Материальная сторона в Париже, наверное, более трудная, чем в Нью-Йорке, но пока никто из приехавших из‐за этого не пропал и не пропадёт. Вокруг каждого художника складывается группа друзей, которая его поддерживает, не даёт пропасть. Французы очень доброжелательны, любят помогать, когда кто-то нуждается в их помощи. Делают это легко и ненавязчиво. Есть довольно мощная поддержка художникам со стороны государства. Но вот пока всё. Может, со временем смогу написать более подробно.
В Венеции видел Эрнста Неизвестного. Он долго и восторженно говорил о тебе, как о самом серьёзном скульпторе. Всё-таки он – очень живой человек.

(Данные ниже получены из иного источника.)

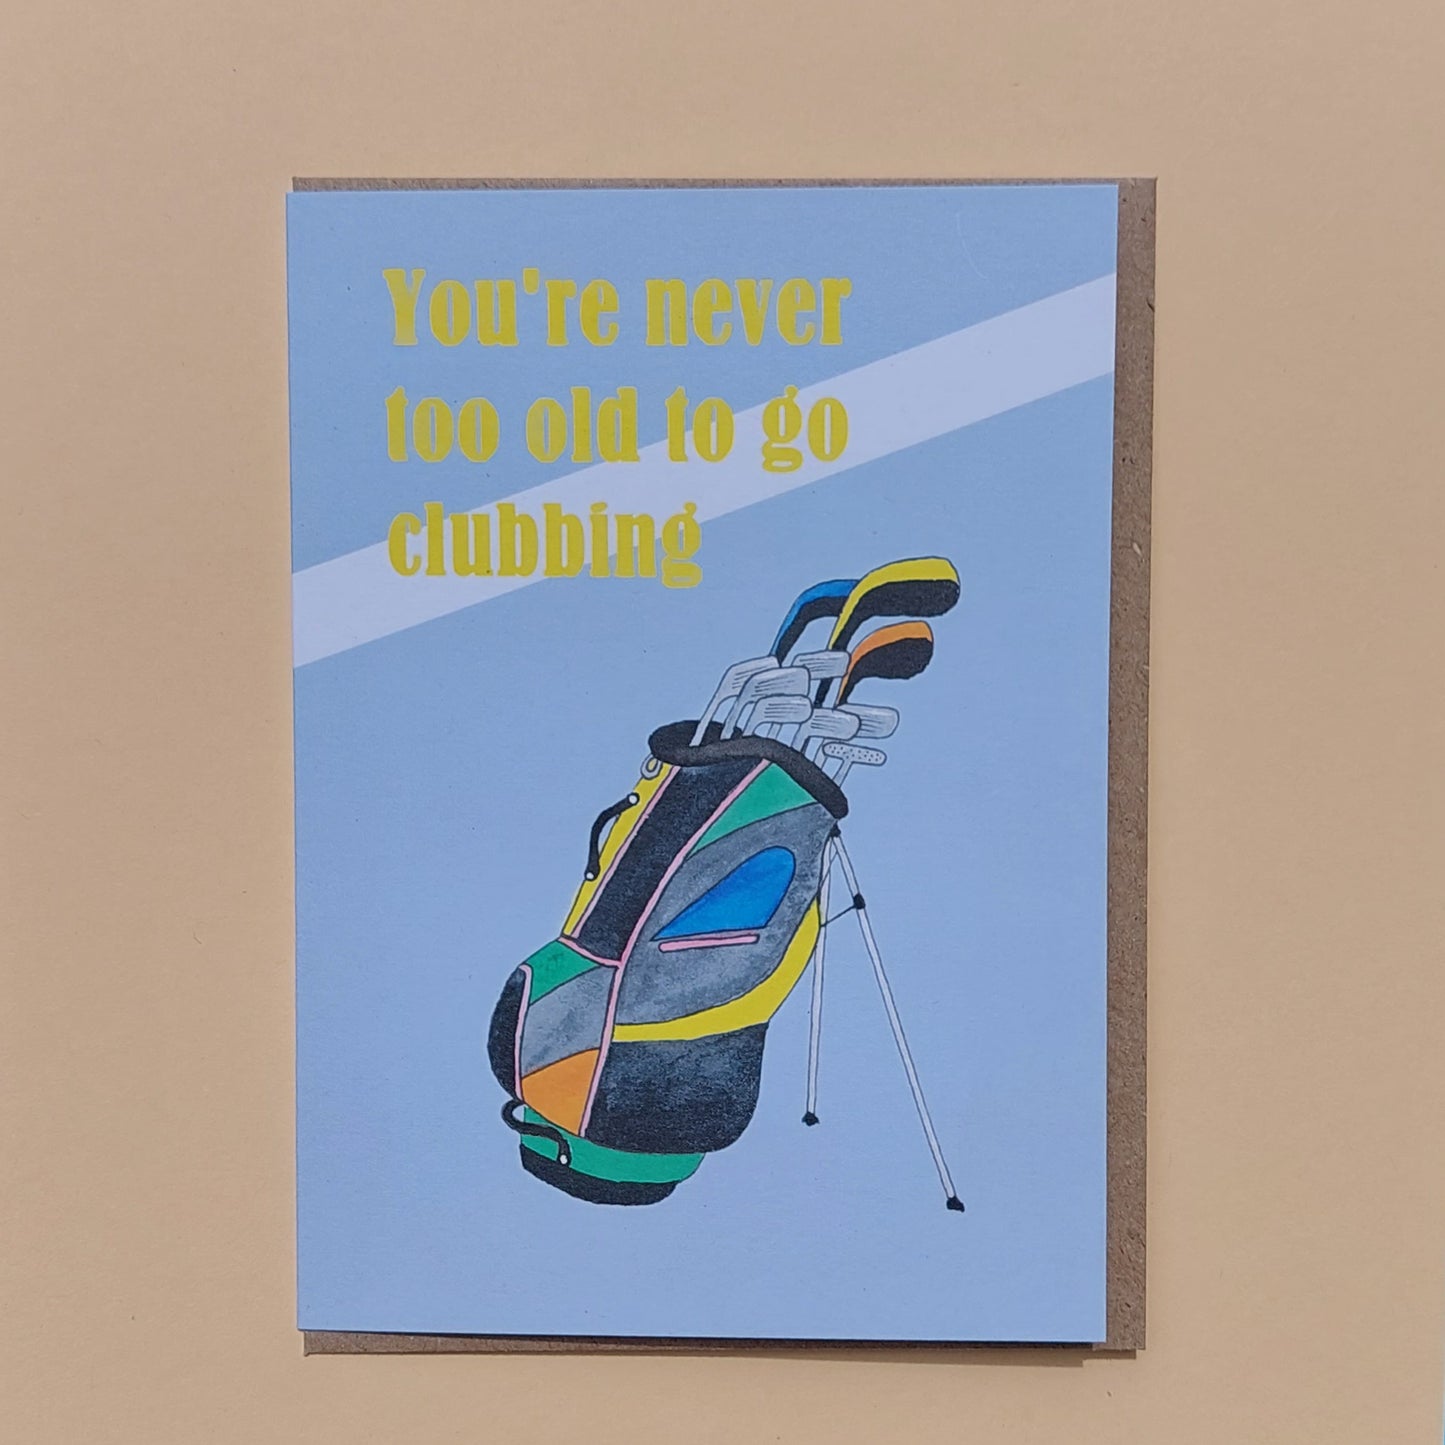 Golf Birthday Card

В завязавшейся подспудно сваре Шемякин – Нусберг вышел победителем (на Биеннале) последний, но он тоже уже ни у кого симпатий не вызывает. Или прав Неизвестный: где русские, там всегда клоповник? Грустно. Обнимаю тебя.
Чуйков – Шелковскому 10.77
Игорь, дорогой, здравствуй!
Доменик уезжает завтра – я отправлю это письмо с ней.
Спасибо тебе за хорошие письма и прости, что я так неаккуратен.
Не знаю, видел ли ты Jack’а [Жака Мелконяна] после его визита в Москву, но мы с ним здесь активно общались, и он рассказал, что подразумевал его контракт. Жаль, что вы не поняли друг друга, но теперь, наверное, уже всё в порядке.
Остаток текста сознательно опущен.